The sight of our great-nephew’s gummy smile, with small white teeth making their way in, fills us with unimaginable joy. We watch with awe and amazement as he unsteadily toddles around our house. Since our home is not baby-proofed, we must watch him like hawks to ensure he doesn’t get near anything dangerous, like the stairs. At that age, babies have no fear and require the full attention of their caregivers to ensure their safety.
I cannot imagine living without a cloud of uneasiness constantly enveloping me. While I’ve written in previous columns about worry, lately, that emotion has evolved into something stronger: fear.
Fear of what will happen today. Fear of all the unknowns. Fear about the progression of Arman’s Parkinson’s disease. Fear of how we will handle it. My jaw is constantly clenched tightly.

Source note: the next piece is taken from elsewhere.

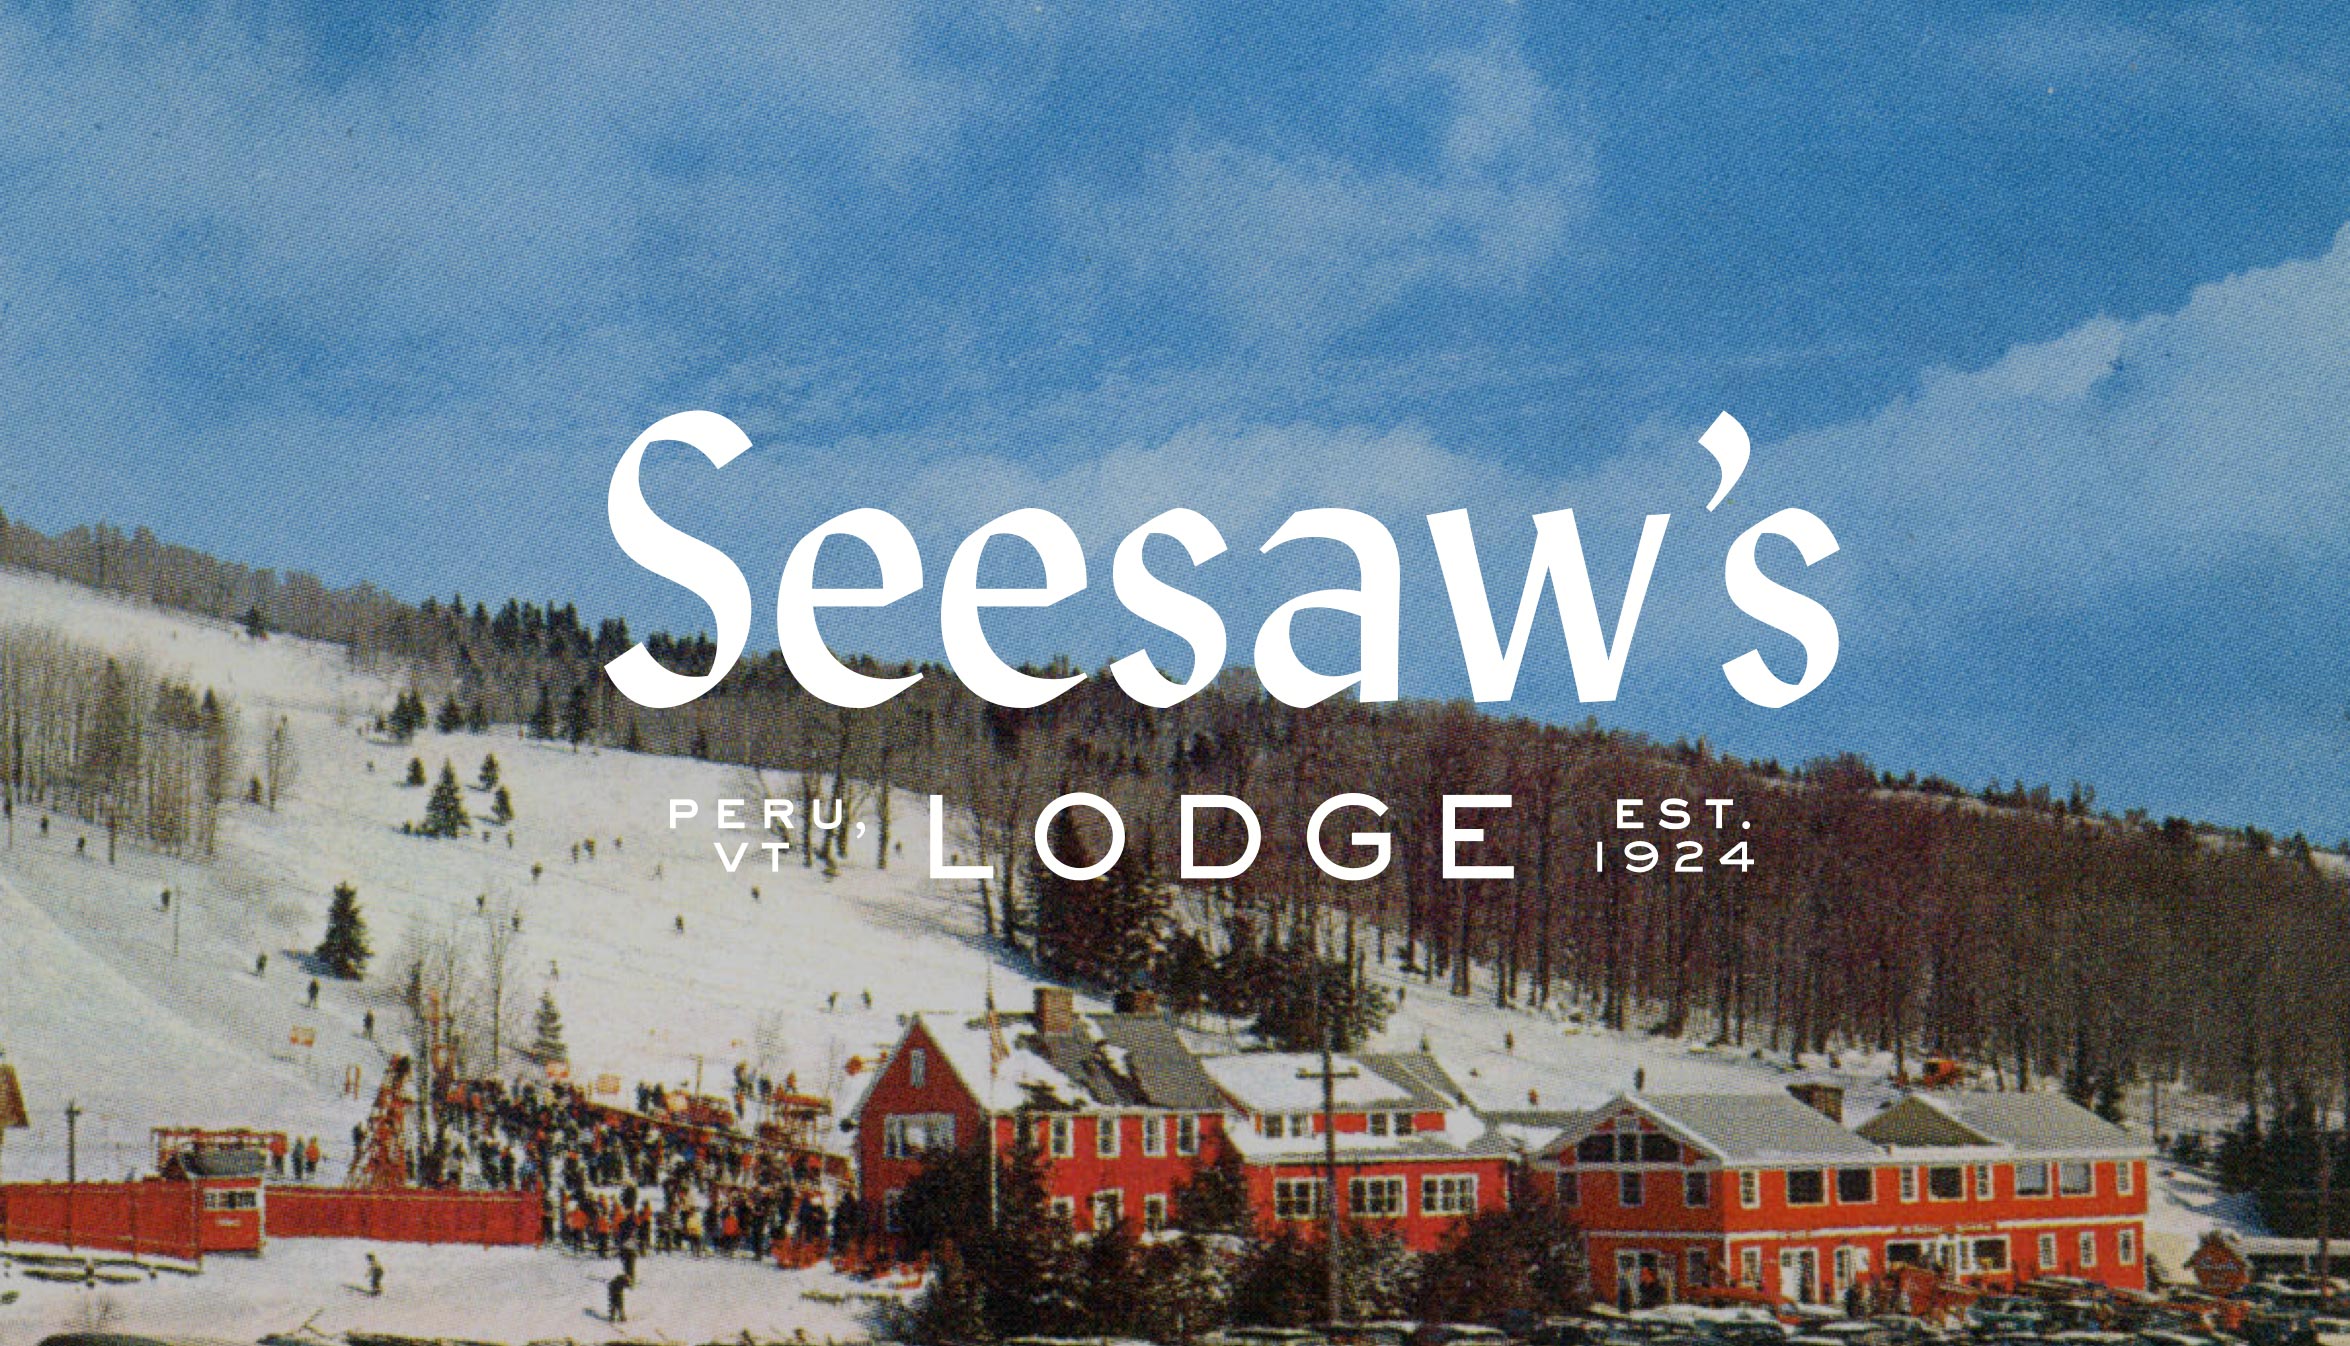 Seesaw's Lodge

Navigating constant stress and worry
Because I’m a caregiver to Arman, who was diagnosed with early-onset Parkinson’s disease in 2009, my world revolves around protecting him and keeping him safe — similar to babysitting our great-nephew.
As much as I would love to live carefree, I no longer have that option. These days, I’m on edge every waking moment, almost as if I’m waiting for a metaphorical ball to drop.

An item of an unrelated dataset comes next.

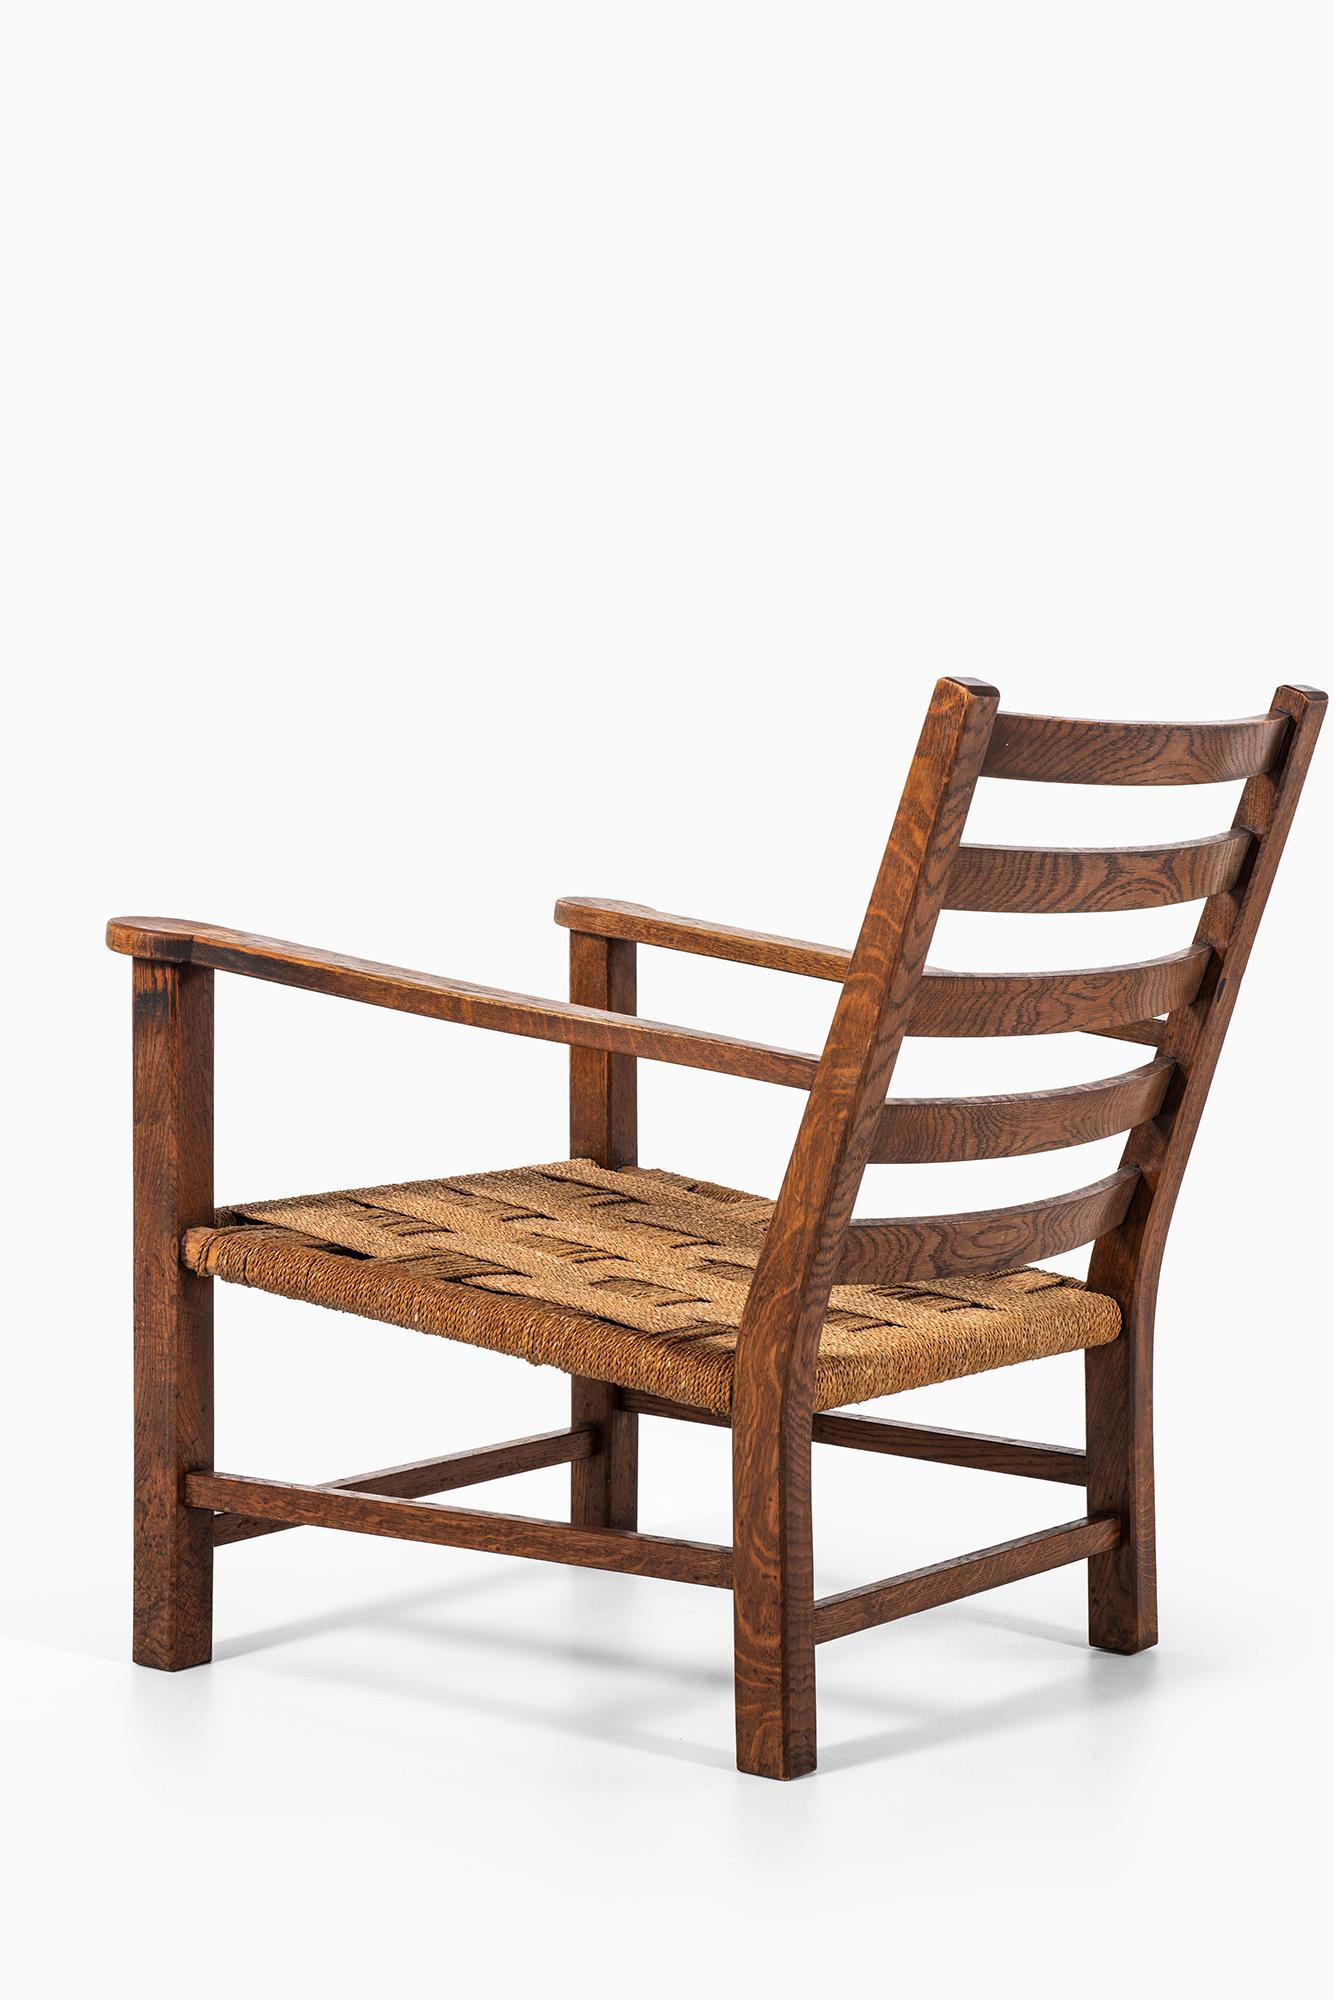 Swedish 1940s Easy Chairs in Oak and Hemp String

Arman is retired, and I work two jobs remotely, so we’re together practically 24/7. I feel a lot more comfortable when we’re in the safety of our home. But when we’re not home, a feeling of dread often washes over me.
From the moment we enter the garage, I’m concerned that he’ll hit his head while getting into the car. The leads of his deep-brain stimulator protrude from his skull like tiny horns, and I worry that he’ll bump them while awkwardly maneuvering his body into the car.
I have the same worry when he gets out of the car. And then there’s the stress of navigating a parking lot full of drivers who aren’t looking out for an unsteady man with Parkinson’s disease.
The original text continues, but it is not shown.